Hi, I am studying for a precalculus quiz and I do not understand this hw problem:
"The tangent line to a circle may be defined as the point that intersects a circle in a single point... If the equation of the circle is x^2+y^2=r^2 and the equation of the tangent line is y=mx+b show that:
a. r^2(1+m^2)=b^2 [Hint: the quadratic equation x^2+(mx+b)^2=r^2 has exactly one solution]
b.the point of tangency is (-r^2m/b,r^2/b)
c. the tangent line is perpendicular to the line containing the circle and the point of tangency
a. For the equation
x^2+(mx+b)^2 = r^2
to have one solution, the discriminant of the quadratic equation
Ax^2 + Bx + C = 0
must be zero
B^2 = 4 AC
A = 1+m^2
B = 2mb
C = b^2-r^2
4m^2b^2 = 4(1+m^2)(b^2-r^2)
m^2b^2 = b^2 +b^2m^2 -r^2 -r^2m^2
b^2 -r^2(1+m^2) = 0
b. x = -B/(2A) = -mb/(1+m^2)
= -mb[r^2/b^2] = -mr^2/b
c. Don't you mean the line containing the CENTER OF the circle and the point of tangency?

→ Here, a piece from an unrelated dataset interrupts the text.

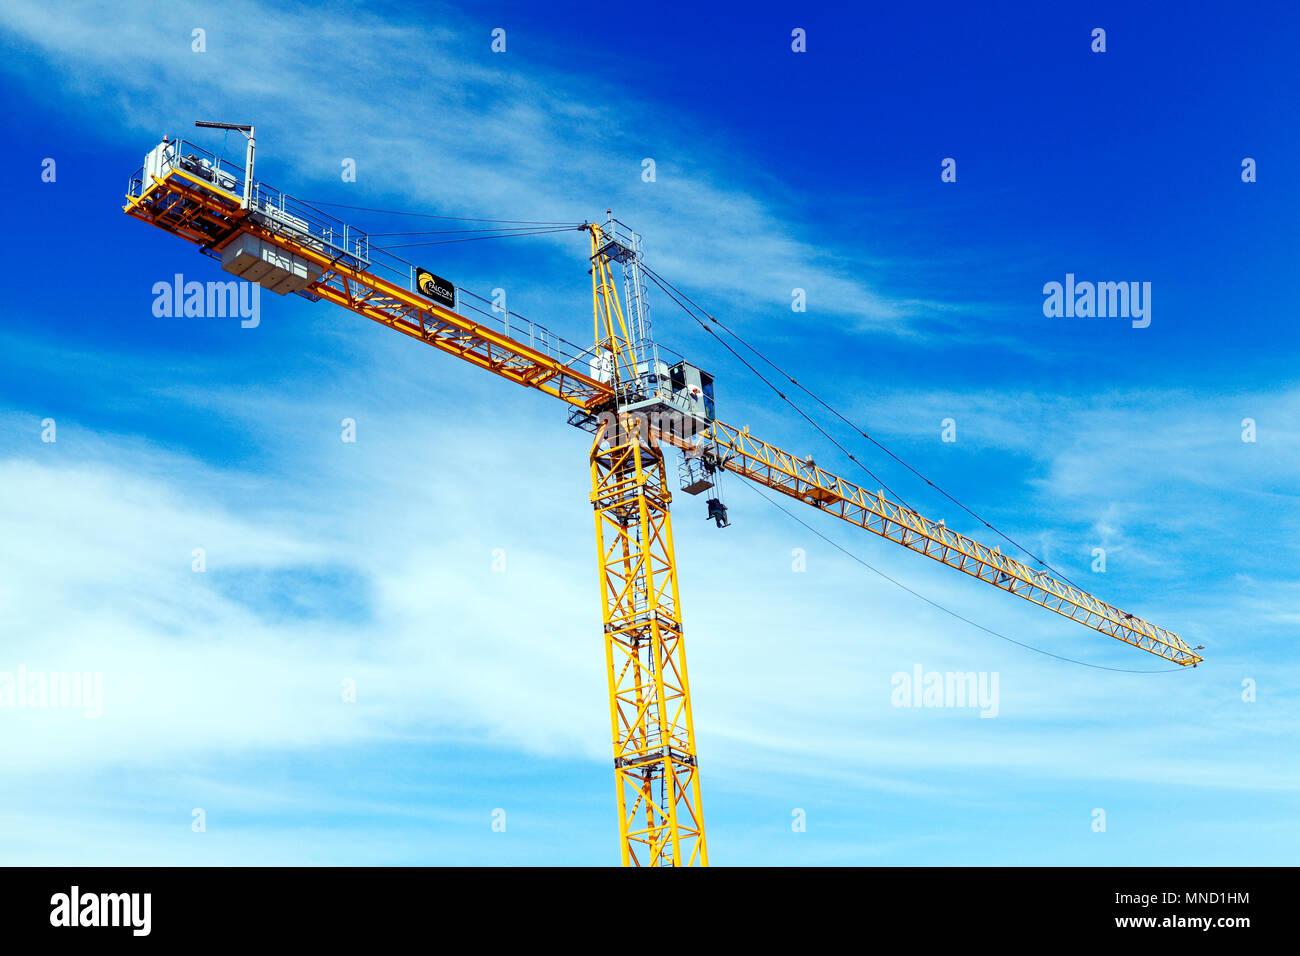 Falcon Tower Crane Services, construction crane, building site, Hunstanton, Norfolk, UK, England, detail, building, industry - Stock Image

Thank you so much. you totally rock
To understand and solve this problem, let's break it down step by step:
a. To show that r^2(1+m^2) = b^2, we need to prove that the quadratic equation x^2 + (mx + b)^2 = r^2 has exactly one solution.
1. Start by substituting the equation of the circle, x^2 + y^2 = r^2, into the quadratic equation.
x^2 + (mx + b)^2 = r^2
2. Simplify the equation by expanding the squared term.
x^2 + (m^2x^2 + 2mxb + b^2) = r^2
3. Combine like terms and rewrite the equation as a quadratic equation.
(1 + m^2)x^2 + 2mbx + (b^2 - r^2) = 0
4. For a quadratic equation to have exactly one solution, its discriminant (b^2 - 4ac) must be equal to zero.
5. The discriminant of our equation is:
Discriminant = (2mb)^2 - 4(1+m^2)(b^2-r^2)
6. Simplify the discriminant:
Discriminant = 4m^2b^2 - 4(b^2-r^2)
= 4m^2b^2 - 4b^2 + 4r^2
= 4[b^2(m^2 - 1) + r^2]
7. Set the discriminant equal to zero and solve for the given condition.
4[b^2(m^2 - 1) + r^2] = 0
8. Dividing both sides of the equation by 4, we get:
b^2(m^2 - 1) + r^2 = 0
9. Rearranging the terms and factoring out b^2, we obtain:
b^2 = -r^2(m^2 - 1)
10. Finally, simplify to reach the desired result:
r^2(1 + m^2) = b^2 [Note: we multiplied both sides by -1]
Therefore, we have shown that r^2(1+m^2) = b^2.
b. To find the coordinates of the point of tangency (-r^2m/b, r^2/b), we use the equation of the tangent line y = mx + b.
1. Substitute x = -r^2m/b into the equation y = mx + b.
y = m(-r^2m/b) + b
= -mr^2m/b + b
= -r^2m^2/b + b
= r^2/b (1 - m^2)
2. The resulting y-coordinate is r^2/b (1 - m^2), so the point of tangency is (-r^2m/b, r^2/b).
c. To prove that the tangent line is perpendicular to the line containing the circle and the point of tangency, we need to show that the product of the slopes of the two lines is -1.
1. The equation of the tangent line is y = mx + b, which has a slope of m.
2. The line containing the circle and the point of tangency has the coordinates (0,0) and (-r^2m/b, r^2/b). The slope of this line can be found using the formula:
Slope = (change in y) / (change in x)
= (r^2/b - 0) / (-r^2m/b - 0)
= r^2 / (-r^2m/b)
= -r^2 / (r^2m/b)
= -b/m
3. Multiply the two slopes: m * (-b/m) = -b/b = -1.
Therefore, we have demonstrated that the tangent line is perpendicular to the line containing the circle and the point of tangency.